Among its extensive catalogue of proposals, the UK government’s Levelling Up White Paper finds space to include thoughts on human wellness. As it points out, the entire concept of wellbeing “captures the extent to which people across the UK lead happy and fulfilling lives – the very essence of levelling up”.
The White Paper cites human capital as central to the economic and social wellbeing of people and places. Improving the essential foundations of human capital, it notes, will ensure that “everyone, wherever they live, can enjoy fulfilling, healthy and productive lives”.
Which leaves us with the question of how to define and measure human capital. How do we gauge people’s quality of life?
In 2001, the Organisation for Economic Cooperation and Development (OECD) noted that some researchers define human capital as “the knowledge, skills, competencies and attributes embodied in individuals that facilitate the creation of personal, social and economic wellbeing”.
The overlap between human capital and wellbeing is a realm of intangibles that, on the surface, cannot always be expressed in terms of hard, numerical values.
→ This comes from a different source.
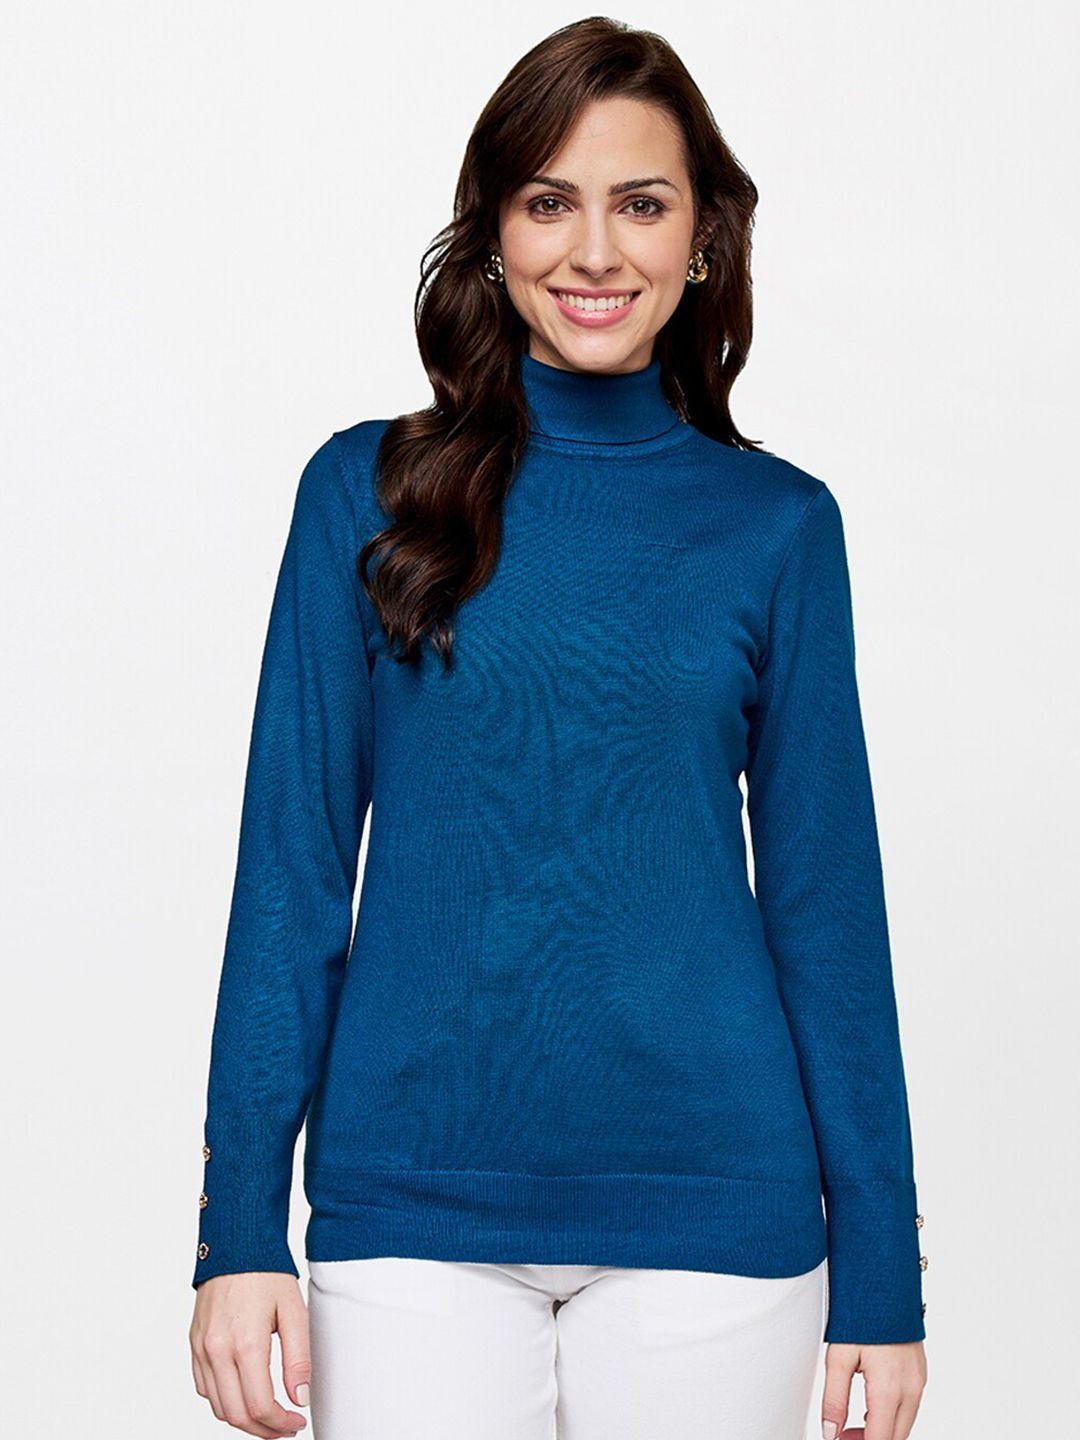 AND Teal Solid Turtle Neck Regular Top

So, how should stakeholders in the Levelling Up programme appraise this terrain?
Nick Gallimore is taking a keen interest in the Levelling Up debate. He is director of talent, transformation and insight at Advanced, a provider of human capital management tools. In his assessment of the UK initiative, the government is measuring human capital characteristics by examining the total lifetime earnings of an individual, as a means of pinpointing regional imbalances.
“While that economic approach is interesting, it lacks a holistic view that may take into account more of the things that make humans productive. Health, happiness, management practices and organisational cultures are all factors that directly impact the performance of a human at work.”
Gallimore prefers to define human capital as the total potential performance of the humans in any organisation. “That definition is much harder to measure – but enables us to look critically at many of the other facets that influence output at work.”
Gallimore considers the link between performance and wellbeing as a self-sustaining loop. “Happier, healthier people are more likely to drive better performance outcomes,” he says, “and to more effectively acquire and apply the skills, knowledge and competences that complete the view of human capital.”
Last November, the Institute of Occupational Safety and Health (IOSH) launched Catch the Wave, a global awareness campaign around the topic of ‘social sustainability’ – a system of identifying, monitoring and managing the positive and negative ways in which business impacts people’s lives.
In an accompanying report, the organisation drew a direct link between social sustainability and human capital. As IOSH research programme lead Dr Christopher Davis explains: “It’s a similar relationship to the one that more physical forms of capital share with commercial sustainability.
“For example, where an organisation invests in equipment and facilities to safeguard its ongoing functional cohesion, it should also see that human capital requires investment over time to ensure its sustainability.”
How can an organisation undertaking such efforts see that they are working?
“In a very basic way,” Davis says. “The social sustainability of a workforce may be gleaned from the degree to which people are kept safe, healthy and well. However, the fuller story of social sustainability acknowledges a much broader worker experience, whereby safety and health are just the beginning of the narrative.”
In other words a true, socially sustainable workforce comprises people who, through the very process of being looked after by their employer, experience feelings of value, engagement, trust and vitality, he says, and go on to have a positive impact within, and beyond, their work.
Conversely, Davis says: “A socially unsustainable organisation would be one in which people are unwilling – or even unable – to work. This means workers will have either low enough job satisfaction that they wish to find work elsewhere, or an inability to work because of occupational ill-health or injury.”
Given that those particular outputs are quantifiable, Davis explains, they have been used in reporting processes as proxies for sustainability measurement. However, they could point towards any number of root causes that may require greater effort to uncover.
For example, he says: “It may be that workers are not routinely consulted on matters relating directly to their work; that they are not provided with relevant training or career development opportunities; or simply that they feel their basic welfare needs, such as toilets and/or catering facilities, are not prioritised.
“Ultimately, organisations with socially unsustainable practices will often be those that – systematically, and over time – fail to recognise that it is their people who hold the key to long-term success.”
There are several ways to holistically measure quality of life across the workforce, Gallimore says. Employee engagement surveys will indicate the role that work is playing in supporting individuals’ lives. Wellbeing surveys and platforms that measure staff happiness levels enable leaders to see how their people are feeling at any given moment.
However, he adds: “To really zero in on quality of life, organisations should take a careful look at how they are measuring performance. Fit and healthy people will perform better than others. They’ll hit more goals – and at a faster rate – while reporting high levels of engagement.
“Sadly, though, performance management is an area where many companies’ approaches are seriously lagging – so being able to accurately and usefully measure performance is a task at which lots of firms struggle.”